Magnolia pedrazae
- Conservation status: Endangered (IUCN 3.1)

Scientific classification
- Kingdom: Plantae
- Clade: Embryophytes
- Clade: Tracheophytes
- Clade: Spermatophytes
- Clade: Angiosperms
- Clade: Magnoliids
- Order: Magnoliales
- Family: Magnoliaceae
- Genus: Magnolia
- Section: Magnolia sect. Magnolia
- Species: M. pedrazae
- Binomial name: Magnolia pedrazae A.Vázquez

= Magnolia pedrazae =

- Genus: Magnolia
- Species: pedrazae
- Authority: A.Vázquez
- Conservation status: EN

Species of tree

Magnolia pedrazae is a species of flowering plant in the family Magnoliaceae. It is endemic to the Sierra Madre Oriental of eastern Mexico.

==Description==
Magnolia pedrazae is a tree that grows from 10 to 20 meters tall. It has broadly elliptic leaves, (10.5–) 13 – 18 long by (5.5) 6 – 8.5 cm wide. It flowers in June and fruits from August to December.

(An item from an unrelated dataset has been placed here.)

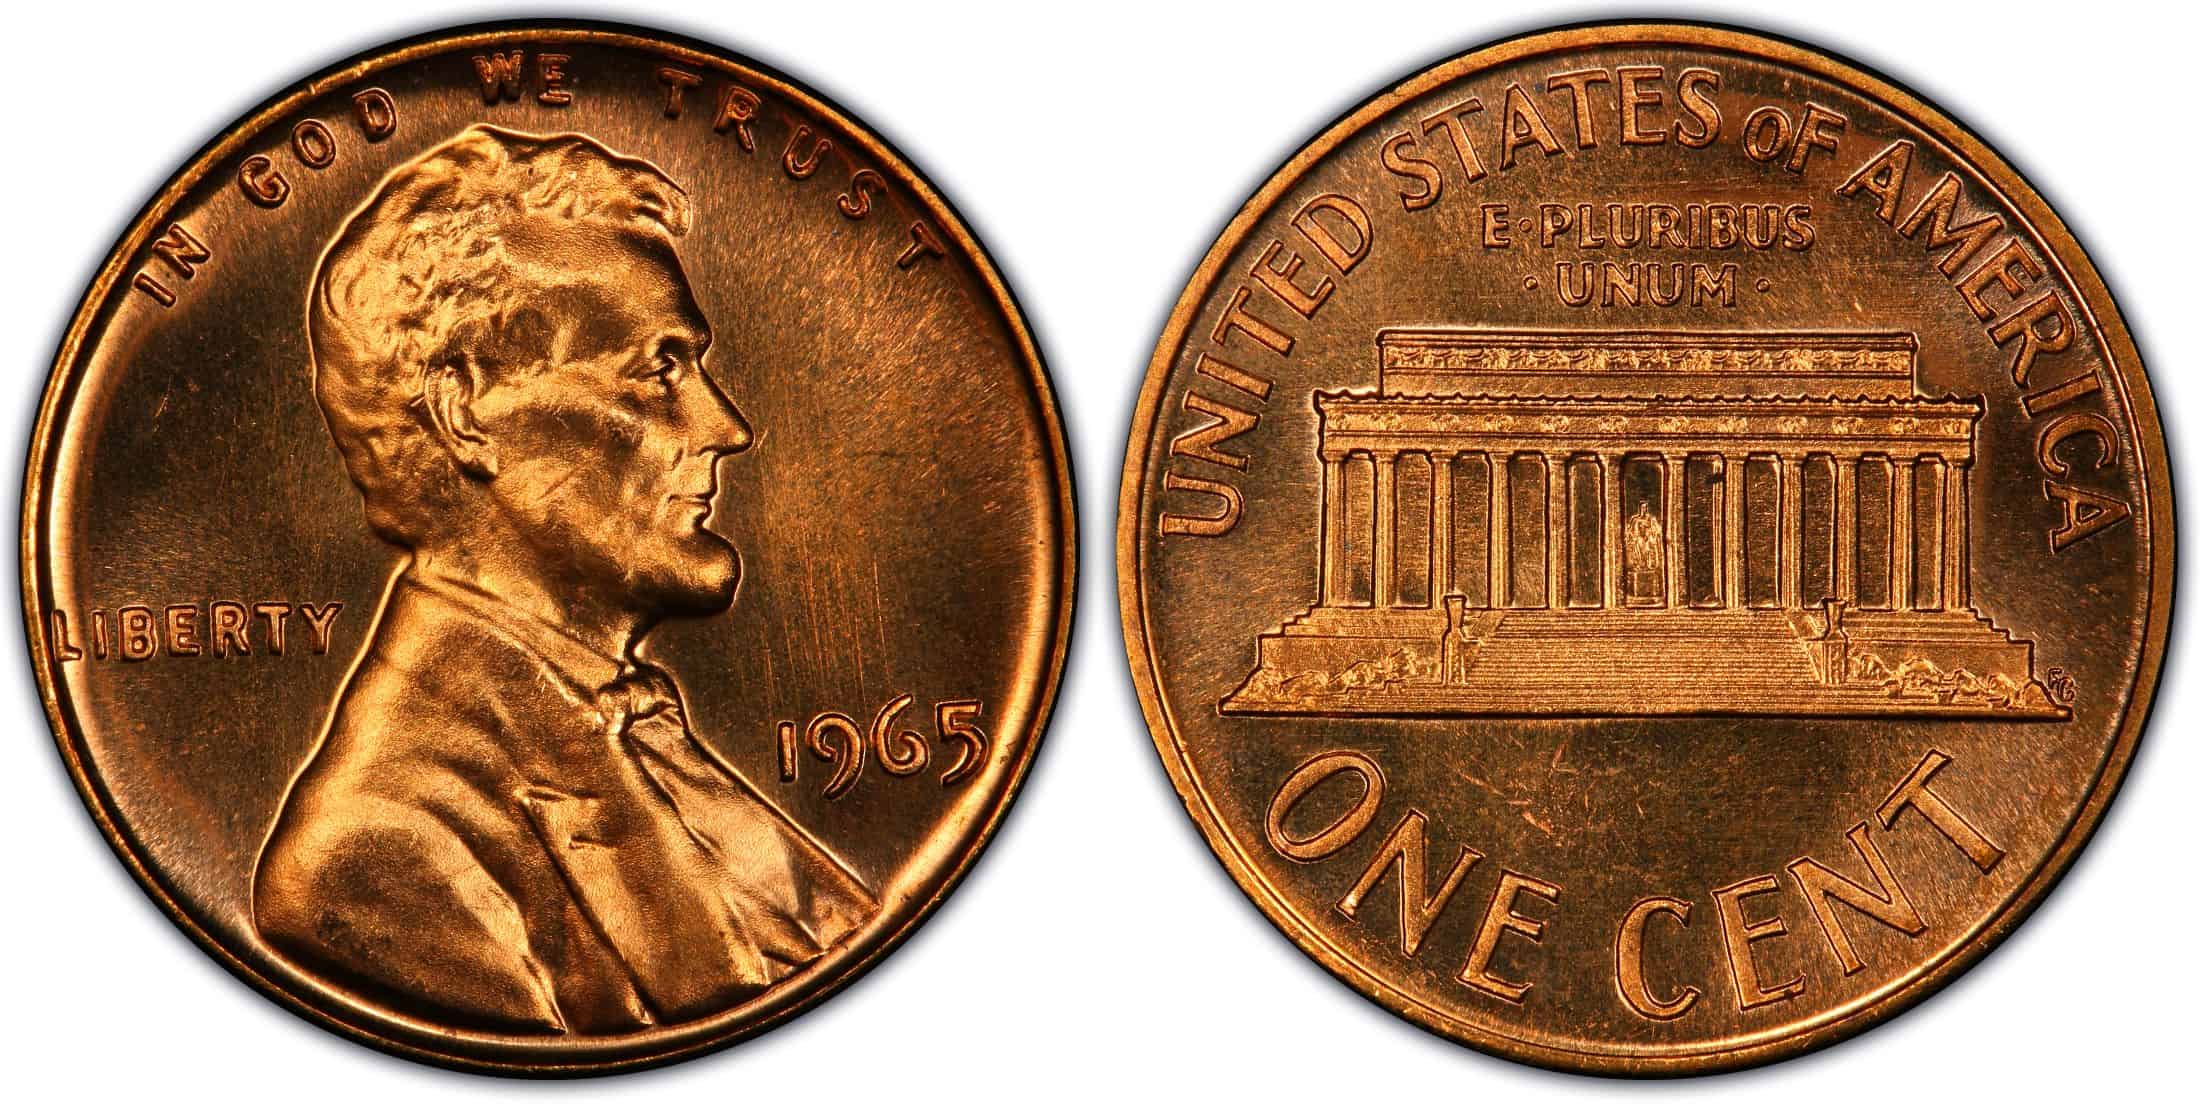 1965 SMS Lincoln penny

The species was classed as Magnolia schiedeana until being recognized as a distinct species. M. schiedeana is also a cloud forest species, found further south in the Sierra Madre Oriental. M. pedrazae is distinguished from M. schiedeana in having broadly elliptic leaves rather than lanceolate elliptic ones, 100–110 stamens rather than ca. 20, yellowish pubescent polyfollicles and peduncle rather than glabrous ones, and 34 – 40 carpels rather than ca. 20.

==Range and habitat==
Magnolia pedrazae is native to the Sierra Gorda, a sub-range of the Sierra Madre Oriental in eastern Mexico. It has been found in the localities of La Yesca, La Joya del Hielo, Las Flores, La Silleta, and Coronel Castillo in the municipalities of Landa de Matamoros and Jalpan de Serra in Querétaro state and in adjacent San Luis Potosí state. The species' estimated extent of occurrence (EOO) is 180 km^{2} in up to three locations.

It is native to cloud forests between 1,500 and 1,800 meters elevation. At La Joya del Hielo it grows in cloud forest with Cupressus lusitanica, Magnolia rzedowskiana, and Taxus globosa. At La Mesa it grows with species of Abies, Quercus, Liquidambar, Pinus, Tilia, and Podocarpus.

==Conservation==
Magnolia pedrazae is subject to habitat loss and degradation from timber extraction and expansion of livestock pasture. Its known populations are within the Sierra Gorda Biosphere Reserve protected area. The species' conservation status is assessed as endangered.